EXERCISE INSTRUCTIONS: Leave every image out, and print the remaining lines below exactly.

THE DATA:
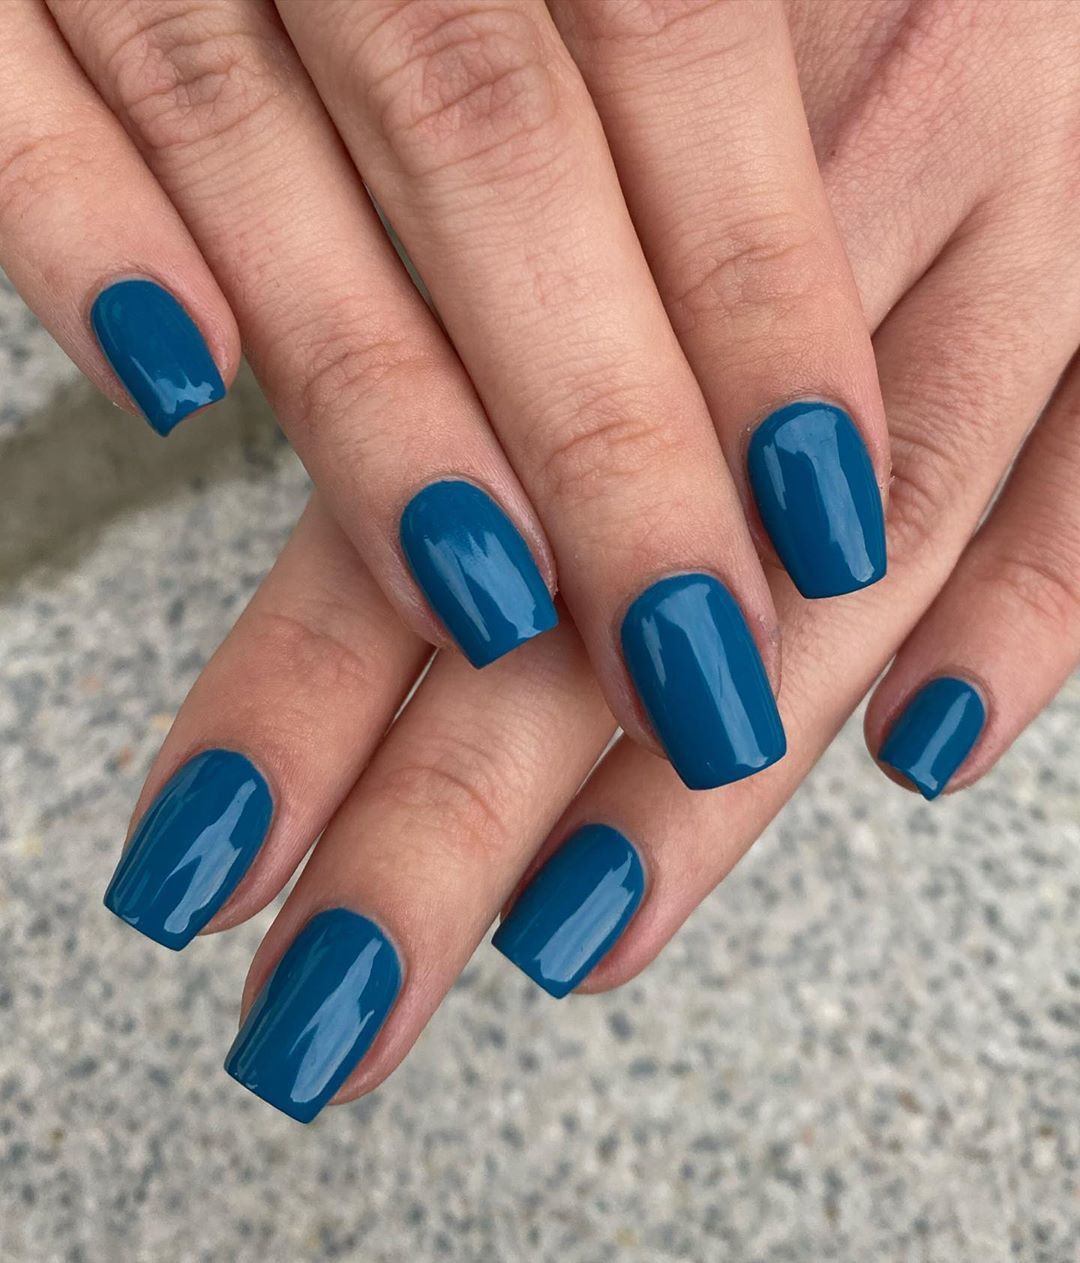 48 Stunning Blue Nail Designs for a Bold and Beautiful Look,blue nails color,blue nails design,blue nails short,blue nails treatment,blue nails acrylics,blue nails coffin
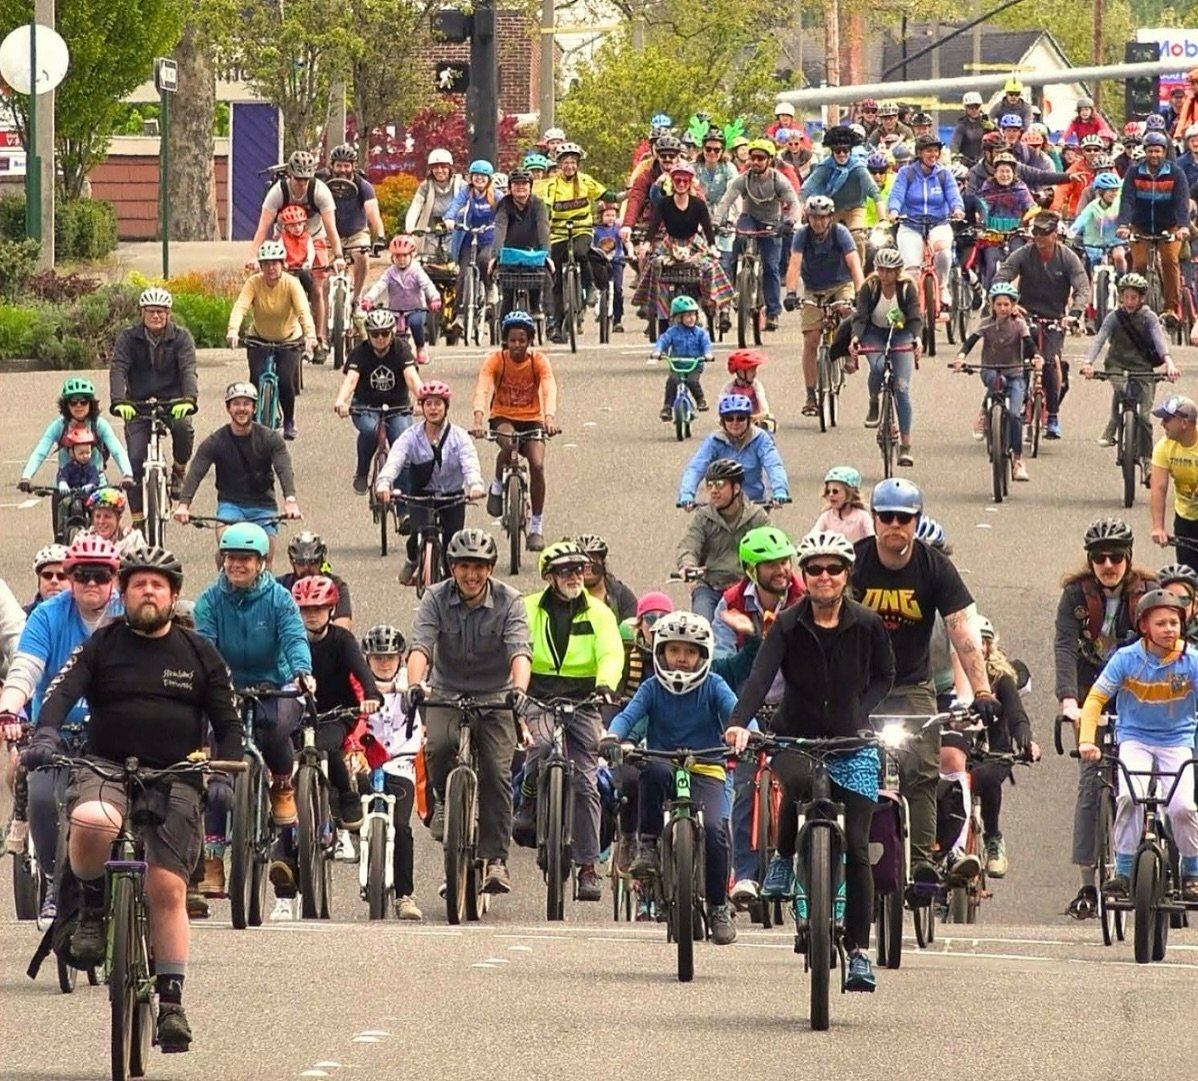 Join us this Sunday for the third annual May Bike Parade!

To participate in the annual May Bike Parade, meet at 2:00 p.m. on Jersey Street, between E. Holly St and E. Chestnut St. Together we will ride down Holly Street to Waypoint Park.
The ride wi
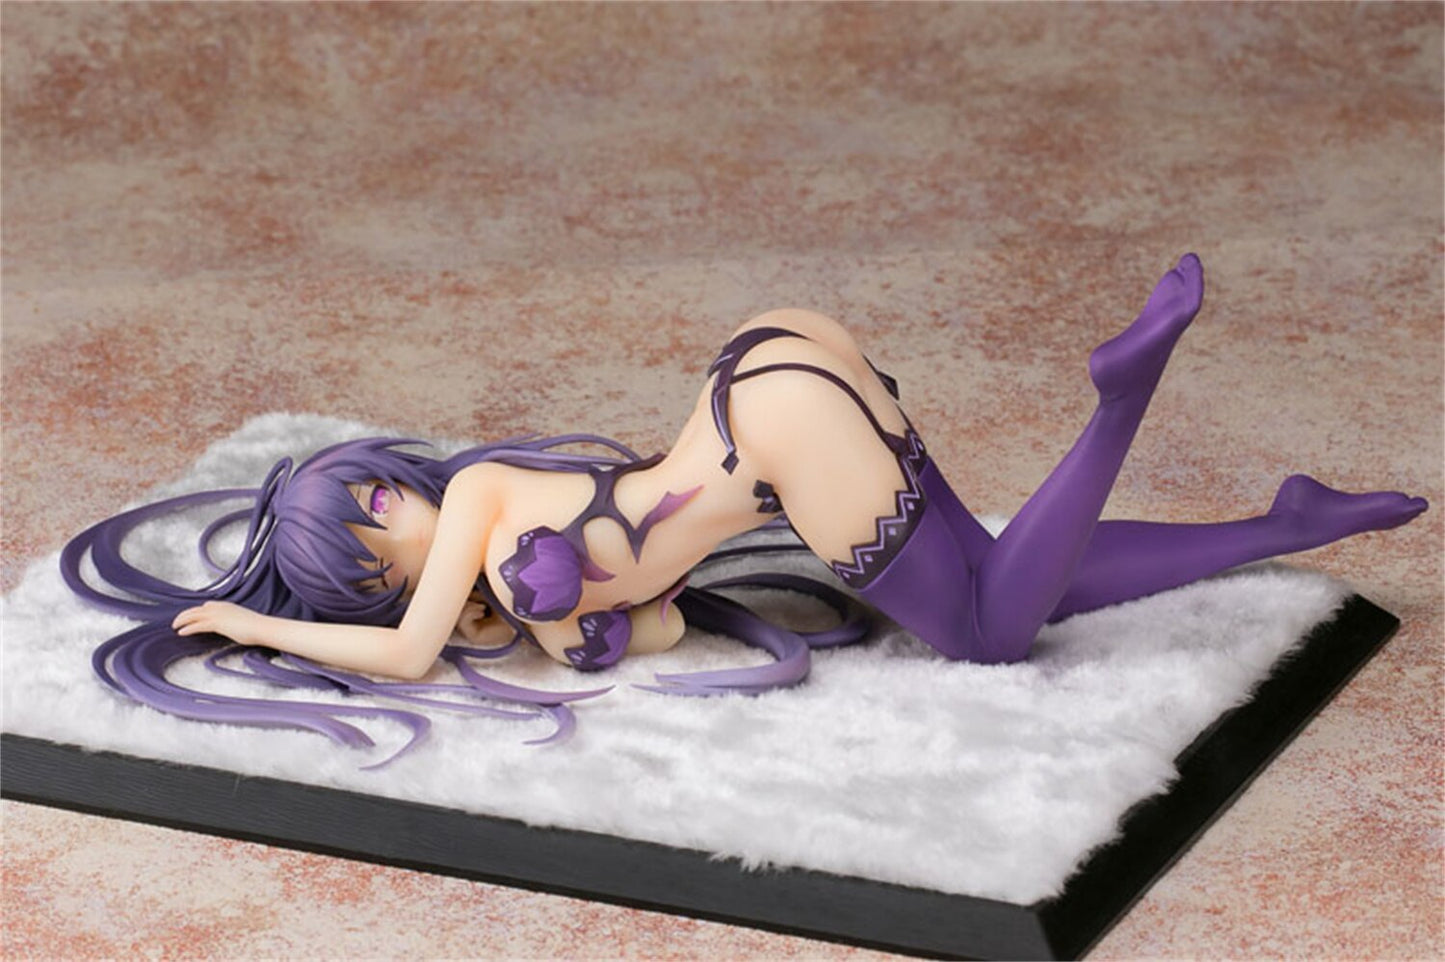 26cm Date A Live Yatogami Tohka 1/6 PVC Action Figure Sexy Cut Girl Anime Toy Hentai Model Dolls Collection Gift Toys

TASK OUTPUT:
 48 Stunning Blue Nail Designs for a Bold and Beautiful Look,blue nails color,blue nails design,blue nails short,blue nails treatment,blue nails acrylics,blue nails coffin
 Join us this Sunday for the third annual May Bike Parade!

To participate in the annual May Bike Parade, meet at 2:00 p.m. on Jersey Street, between E. Holly St and E. Chestnut St. Together we will ride down Holly Street to Waypoint Park.
The ride wi
 26cm Date A Live Yatogami Tohka 1/6 PVC Action Figure Sexy Cut Girl Anime Toy Hentai Model Dolls Collection Gift Toys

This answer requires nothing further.